(Exercise goal) Please transcribe the data exactly as shown, skipping the images.

(Source data Opens)

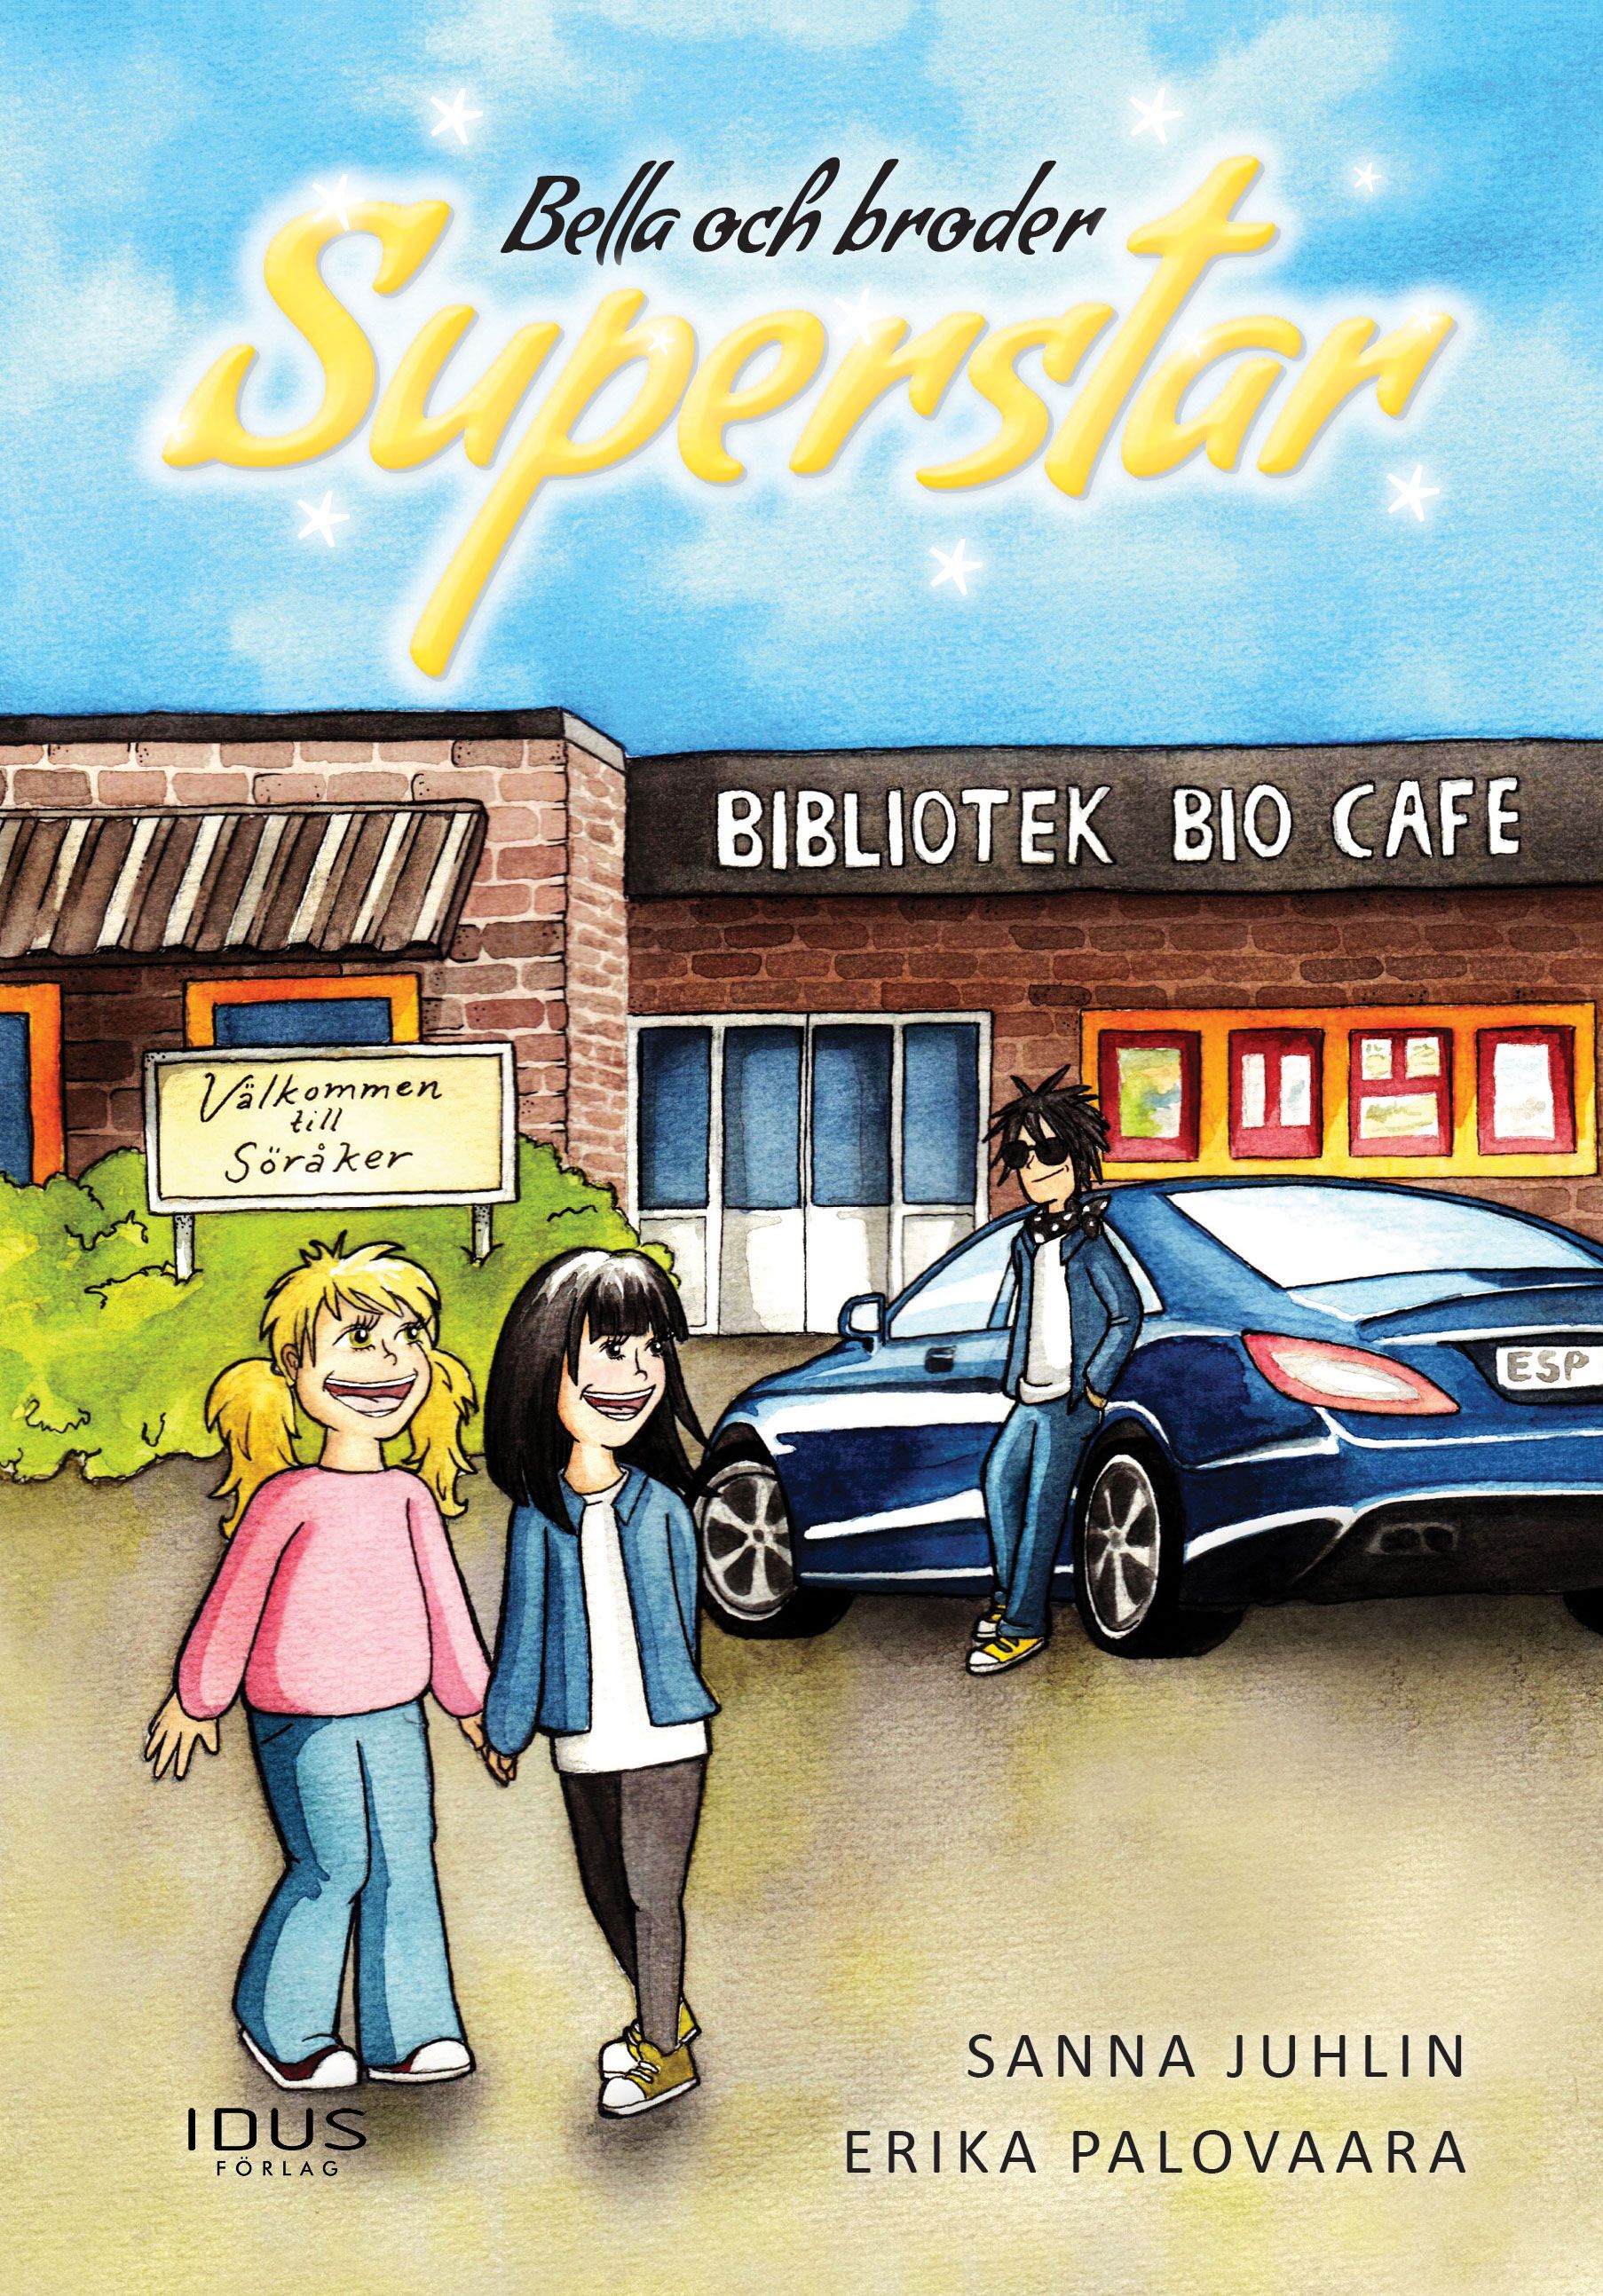 Bella och broder Superstar, eBook by Sanna Juhlin
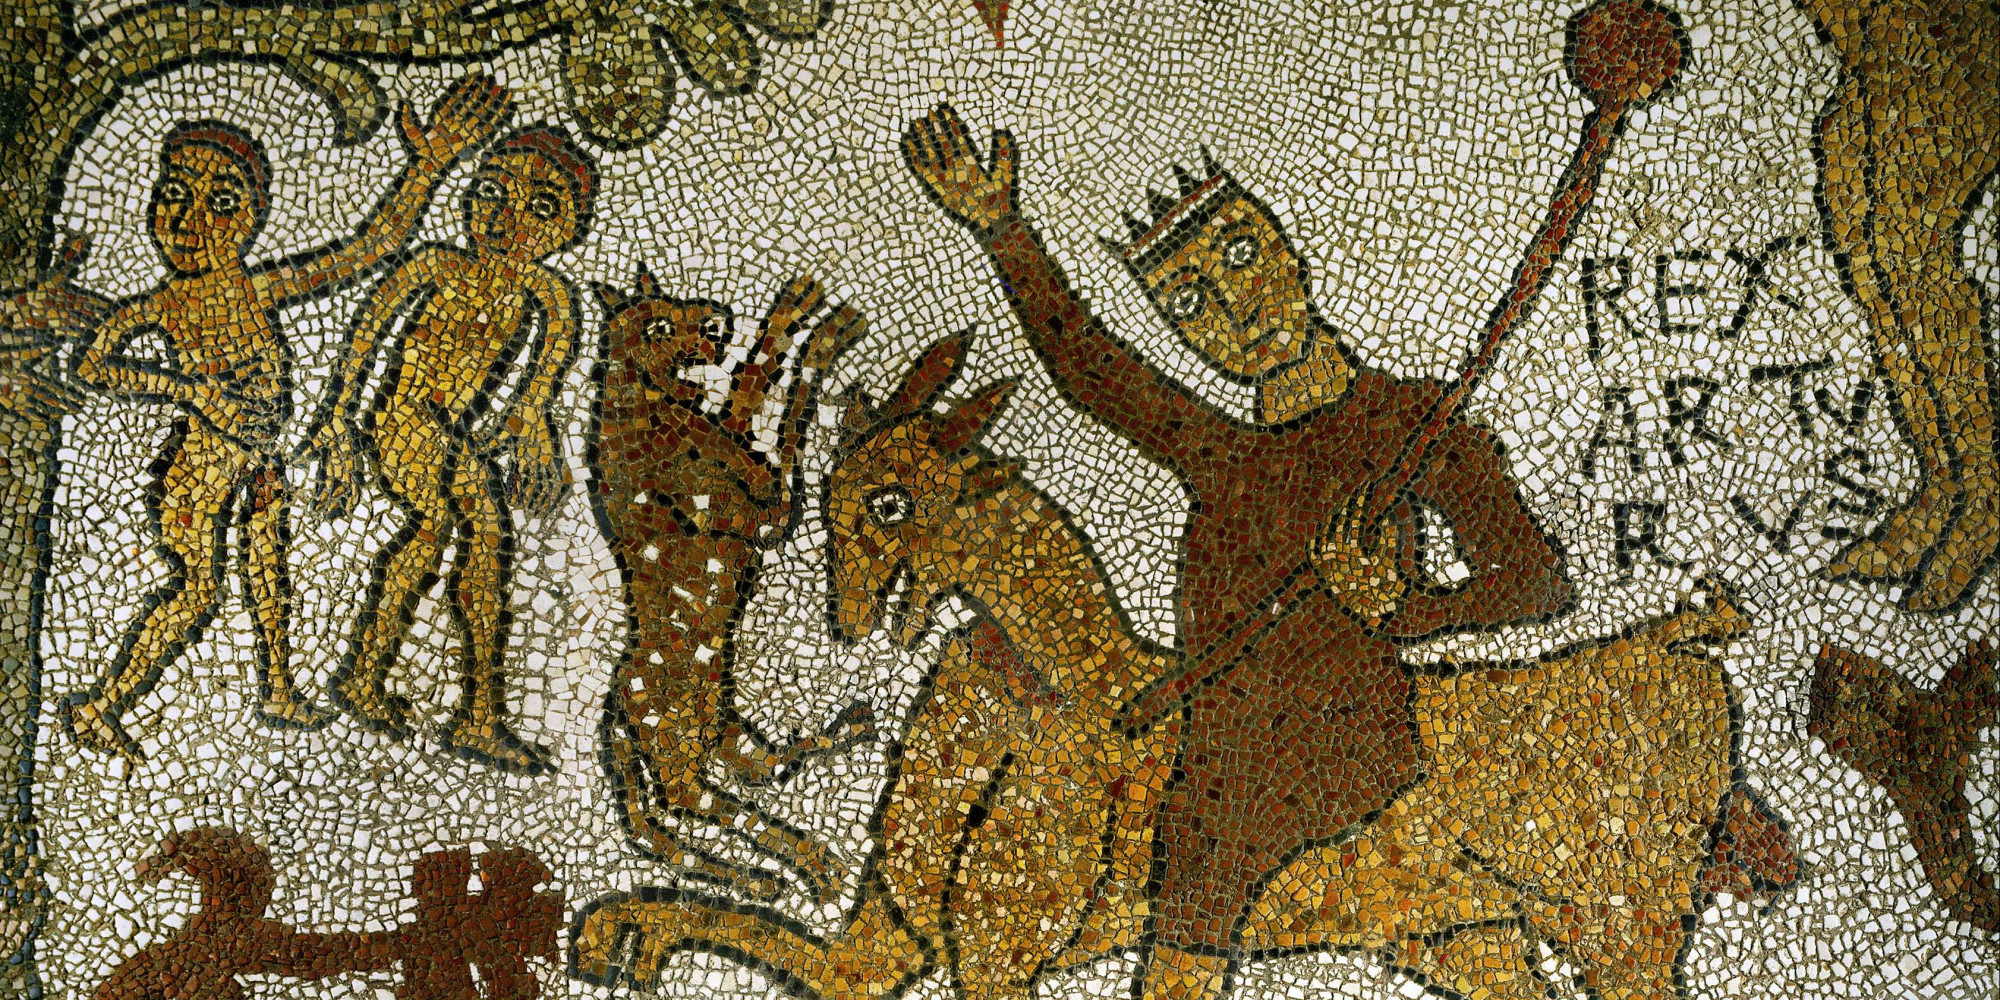  Arturus Rex, le roi Arthur combattant le Chapalu (?) Cathédrale d’Otrante 
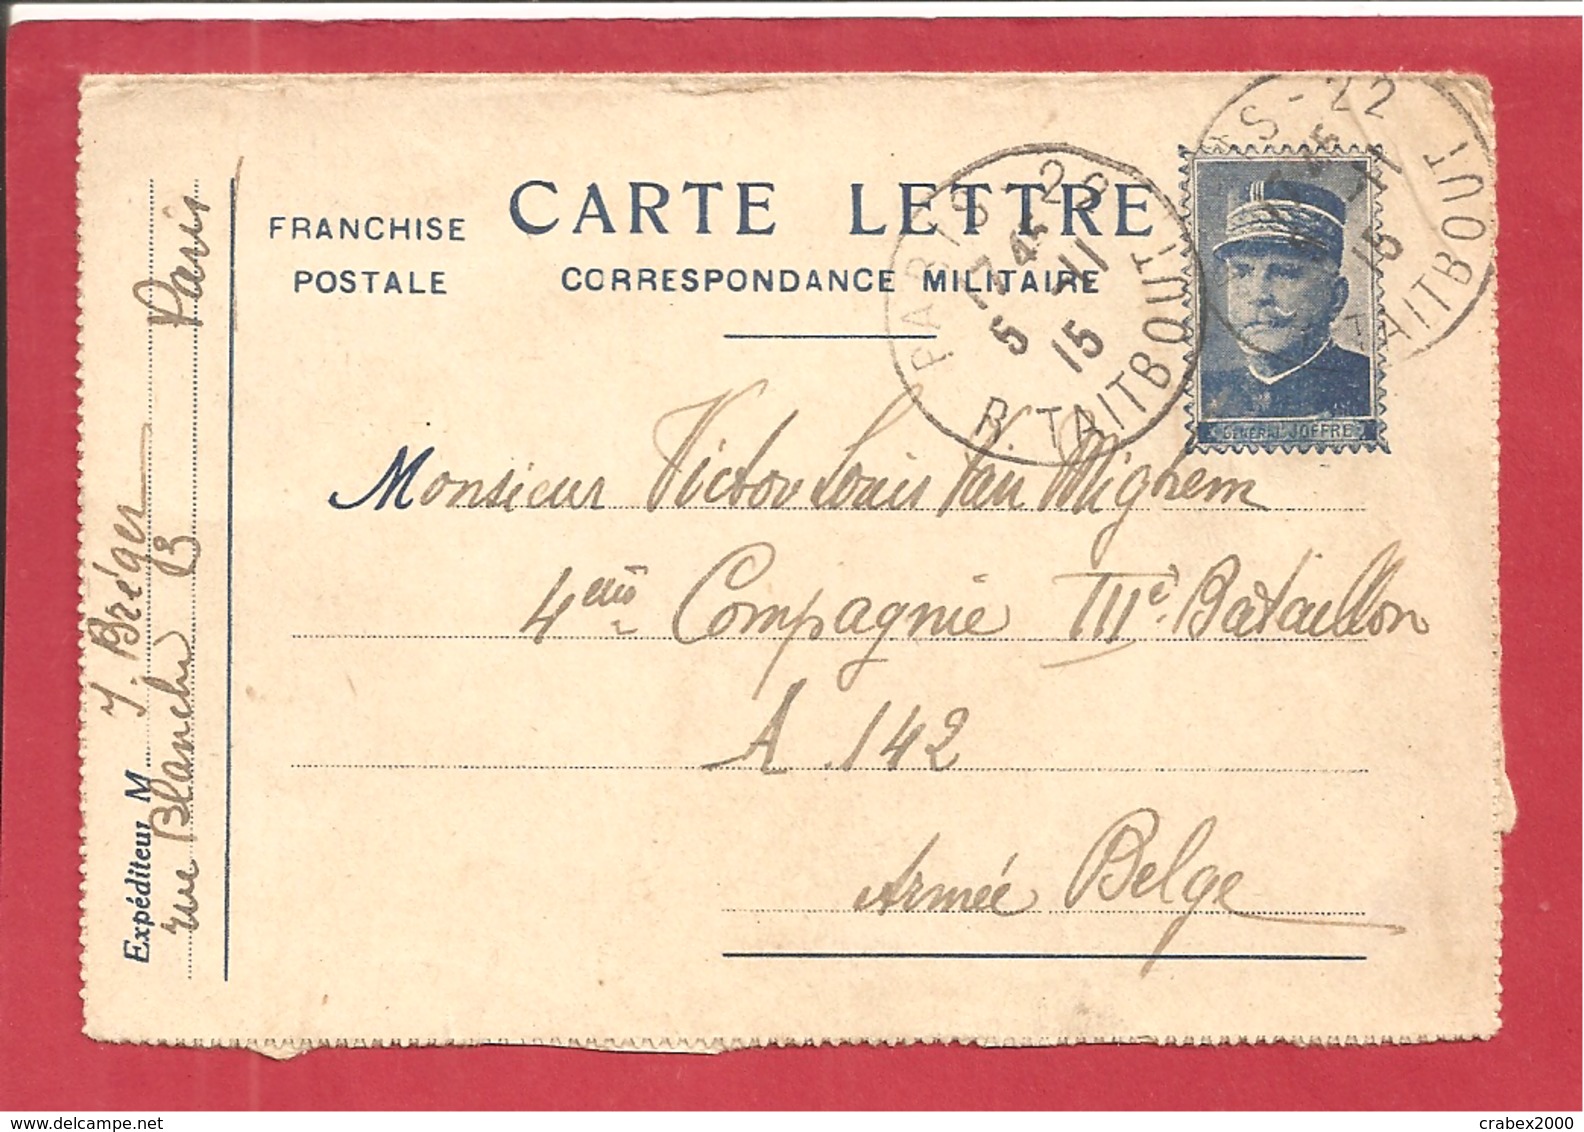 Y&T N°FM CARTE LETTRE PARIS Vers A142 ARMEE BELGE 1915 3 SCANS - Armée Belge
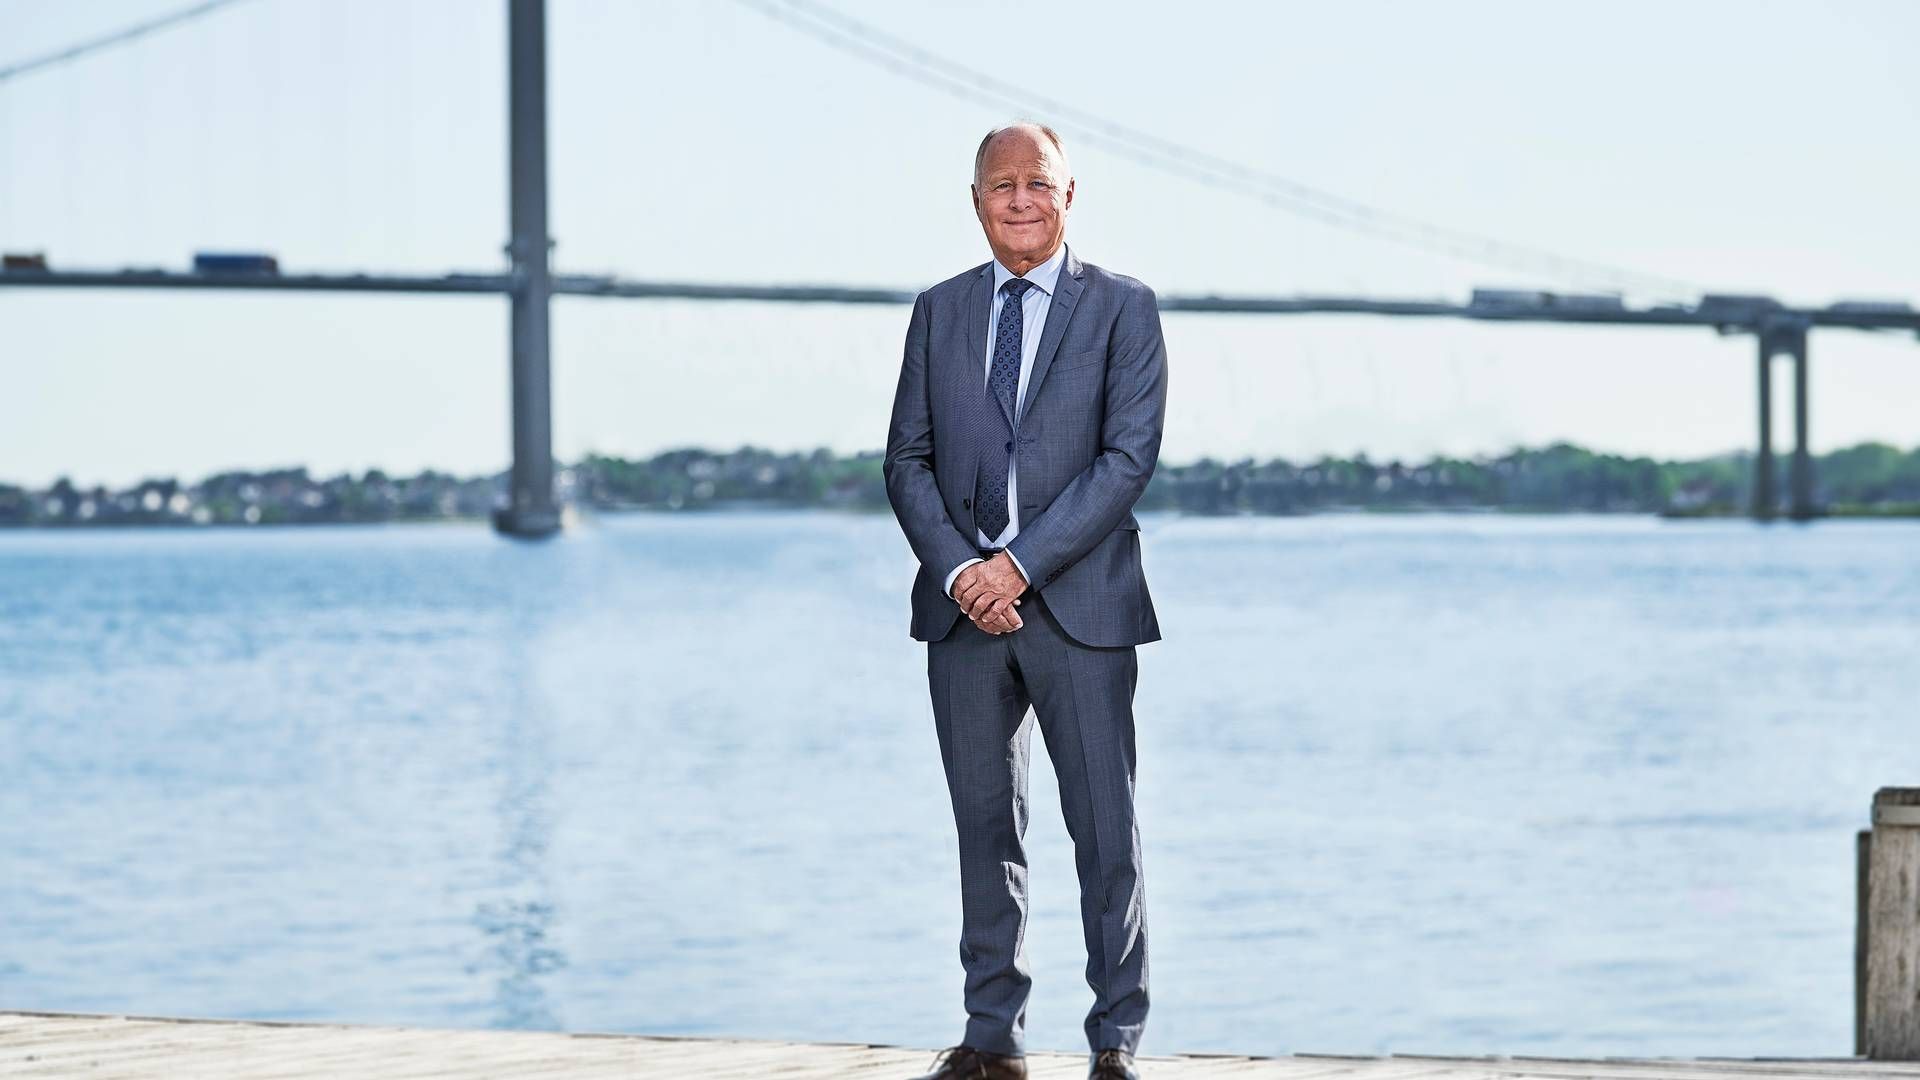 Torben Østergaard-Nielsen har tjent en formue på handel med olie. Han var i 2021 Danmarks sjetterigeste person ifølge Økonomisk Ugebrev med en formue på over 22 mia. kr. | Foto: Pr / Ustc

(Source data Closes)

(Final answer)
 Bella och broder Superstar, eBook by Sanna Juhlin
  Arturus Rex, le roi Arthur combattant le Chapalu (?) Cathédrale d’Otrante 
 Y&T N°FM CARTE LETTRE PARIS Vers A142 ARMEE BELGE 1915 3 SCANS - Armée Belge
 Torben Østergaard-Nielsen har tjent en formue på handel med olie. Han var i 2021 Danmarks sjetterigeste person ifølge Økonomisk Ugebrev med en formue på over 22 mia. kr. | Foto: Pr / Ustc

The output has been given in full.